President Bush and congressional Democrats have lately spoken a lot about alternative energy sources such as ethanol. According to the president, ethanol is a magical elixir that will solve every economic, environmental and foreign policy problem on the horizon. In reality, it’s enormously expensive and wasteful.

Ethanol will not lead to energy independence. If all the corn produced in America in 2005 were dedicated to ethanol production (and only 14.3 percent of it was), U.S. gasoline consumption would have dropped by only 12 percent. For corn ethanol to completely displace gasoline in this country, we would need to appropriate all U.S. cropland, turn it over to ethanol production, and then find 20 percent more land on top of that.

The U.S. Energy Information Administration believes the practical limit for domestic ethanol production is about 700,000 barrels per day — in 2030. In 23 years, that will translate into about 6 percent of the U.S. transportation fuels market.

According to a 2005 report by the U.S. Department of Agriculture, corn ethanol costs an average of $2.53 to produce — several times what it costs to produce a gallon of gasoline.

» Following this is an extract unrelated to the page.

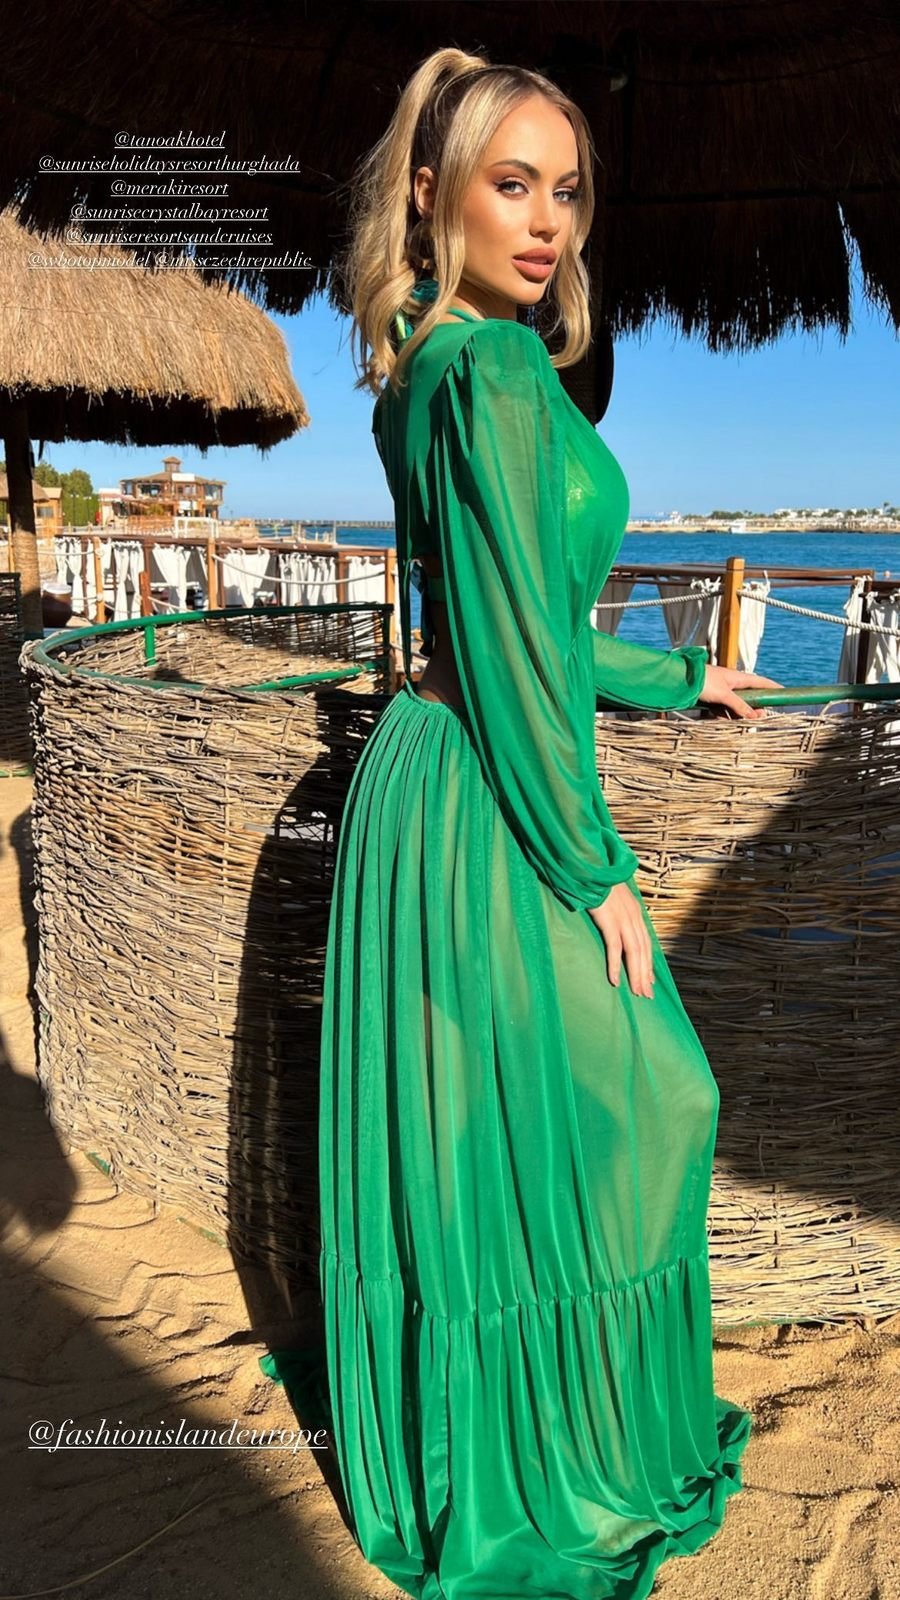 Natálie Kočendová na soutěži Top Model of the World

Without subsidies, costs would be higher still. A study from the International Institute for Sustainable Development last fall found that ethanol subsidies amount to $1.05 to $1.38 per gallon, or 42 to 55 percent of ethanol’s wholesale market price.

Ethanol does not reduce gasoline prices. If you lived in urban areas that used reformulated gasoline last summer — that’s the environmentally “clean” gasoline required for areas with air pollution problems — you might have paid up to 60 cents a gallon more for gasoline.

That’s because the federal government required oil refineries to use 4 billion gallons of ethanol in 2006, regardless of price, and gas pump prices last summer reflected the fact that ethanol was twice as expensive as conventional gas in wholesale markets, and far more costly to deliver.

Switchgrass (cellulosic ethanol) will not set us free. Guy Caruso, who heads EIA, noted last December that the capital costs associated with cellulosic ethanol production were five times greater than those for conventional corn ethanol production. Estimates like that are a bit soft, however, because there is no cellulosic ethanol industry in existence at present.

Betting the farm on an industry that doesn’t yet exist to produce a product that is known to be staggeringly expensive isn’t the best use of tax dollars. Remember how nuclear power would be “too cheap to meter”? And how synthetic oil from coal would revolutionize the gasoline sector?

The truth is that if ethanol has commercial merit, it doesn’t need the subsidy. And if it doesn’t, no amount of subsidy will bestow it.